Artificial intelligence (AI) and machine learning (ML) are growing faster than anyone had predicted, infiltrating nearly every industry including tax preparation services. Tax submission tools can already deduce the likelihood of an audit based on previous tax filing history and averages among similar businesses. With predictive tax analytics, CPAs and other professionals can utilize the advances in AI to look at algorithms and forecast potential tax liability for the future.
ML for Predictive Tax Analytics
As tax laws continue to grow more complex, corporations and entrepreneurs are required to keep meticulous records of their income and expenses. In a recent study by Deloitte, 60% of company leaders indicated they were already using or planned to use data analytics for better tax compliance and strategy.
ML technologies are revolutionizing tax analytics by improving accuracy, processing complex data more quickly and adapting to new details as they emerge, helping companies comply with tax laws. Data that would take a CPA days to sort through and analyze siphons through computer at lightning speed. For example, machines can sort through large datasets and predict how much a company might owe at the end of a quarter so it can make payments timely and accurately.
Benefits of Deploying ML in Tax Functions
AI algorithms look at past factors to predict future tax liabilities. Some of the data a machine might sort through includes past tax filings, current fiscal year transactions, updated tax codes and required paperwork, market trends for the industry and past patterns for estimated tax payments.
Tapping into the power of predictive tax analytics can reduce falling under an audit or the risks of being accused of fraud.
Other benefits of using ML for tax analysis include:
Automating Repetitive Work
Much of the work for tax compliance involves repetitive items you must cross-reference over and over. Machines can do much of this grunt work and free up your time to locate significant anomalies or improve processes. For example, computers can reconcile data and notify company accountants of crucial filing deadlines.
Predicting Tax Liabilities
Most companies must pay taxes quarterly, but the time-consuming task of adding up receivables and subtracting expenses can be draining on smaller businesses. Having a firm grasp of how much to pay in estimated taxes can prevent underpayment and penalties.
Keeping Pace with the Competition
Machine learning can transform a simple excel spreadsheet into something more definitive that helps a company advance into the modern age. Around 21% of North American companies are using ML smart tools to better analyze nearly every informational aspect of business operations.
Ensuring Tax Compliance
Human error can lead to miscalculations and missed deadlines. Machines can double-check computations and ensure spreadsheet entries match other accounts. If someone makes an incorrect entry, the computer will flag it so it can be fixed before taxes get filed.

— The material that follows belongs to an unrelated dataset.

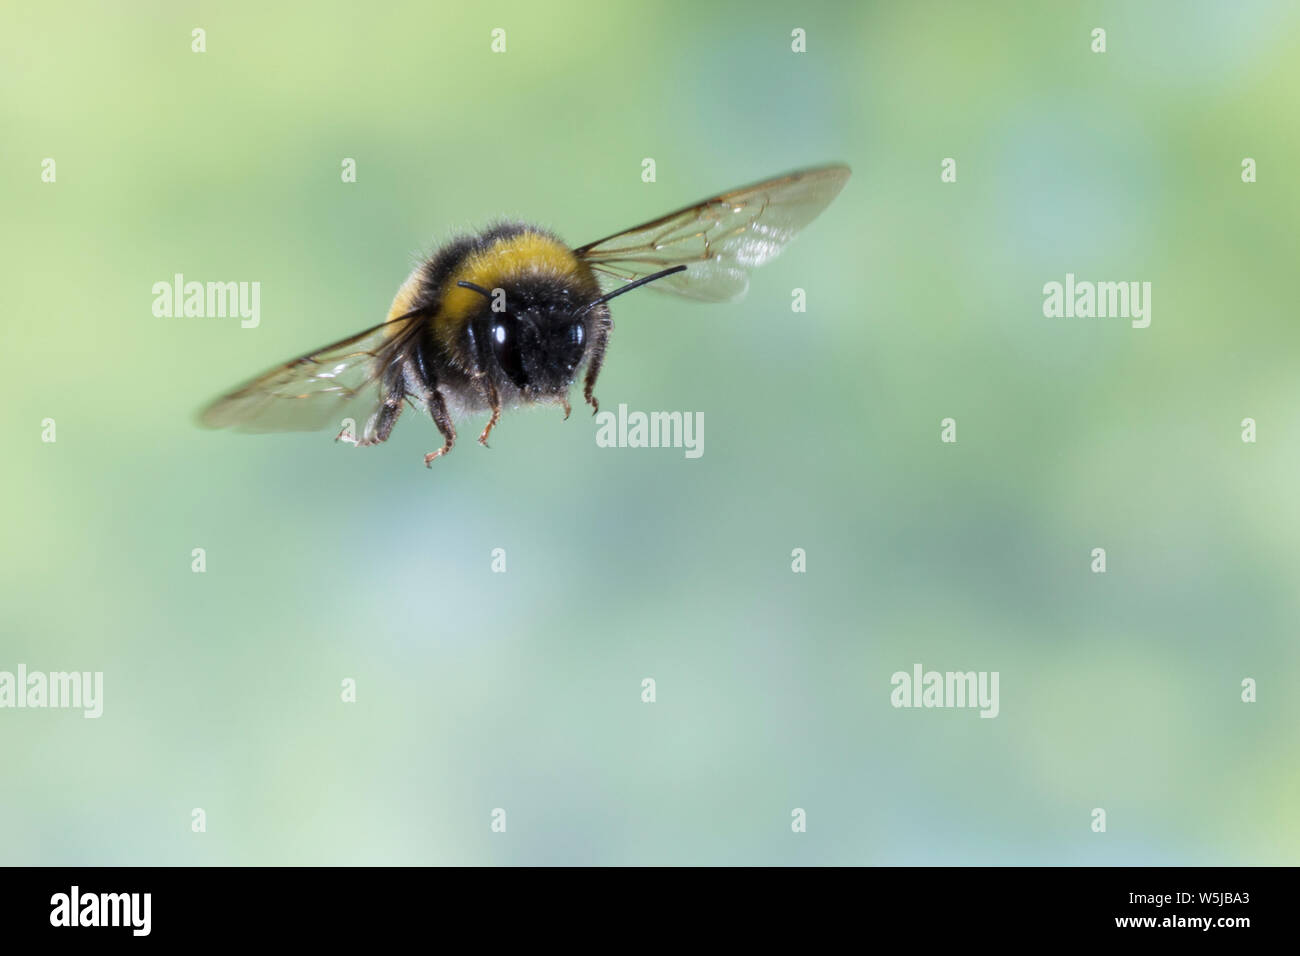 Erdhummel im Flug, fliegend, Insektenflug, Bombus spec., Bombus, Bombus terrestris-aggr., Bombus terrestris s. lat., bumble bee, flight, flying Stock Photo

Optimizing Tax-Saving Strategies
Machine can run case scenarios to determine the biggest benefits of making a purchase or taking cost-saving measures. Company leaders can see at a glance whether they should invest in new equipment, pay employee profit shares or set more aside for tax payments.
ML can also see if the business is scaling rapidly and make adjustments on the fly. It can even be trained to allocate funds for taxes, setting aside what’s needed to make payments in a timely manner.
Concerns over Ethics and Data Privacy
One concern however many have with using ML in tax analytics is data privacy for the company and employees. Companies can reduce these worries by being transparent in the decisions they make and how they utilize AI algorithms. To keep data secure, they must implement security protocols to protect assets.
Another thing to be aware of is that ML algorithms can show bias if not programmed correctly. It’s best to have several programmers to act as checks against one another. Predictions should be neutral, and company leaders must understand they aren’t always infallible.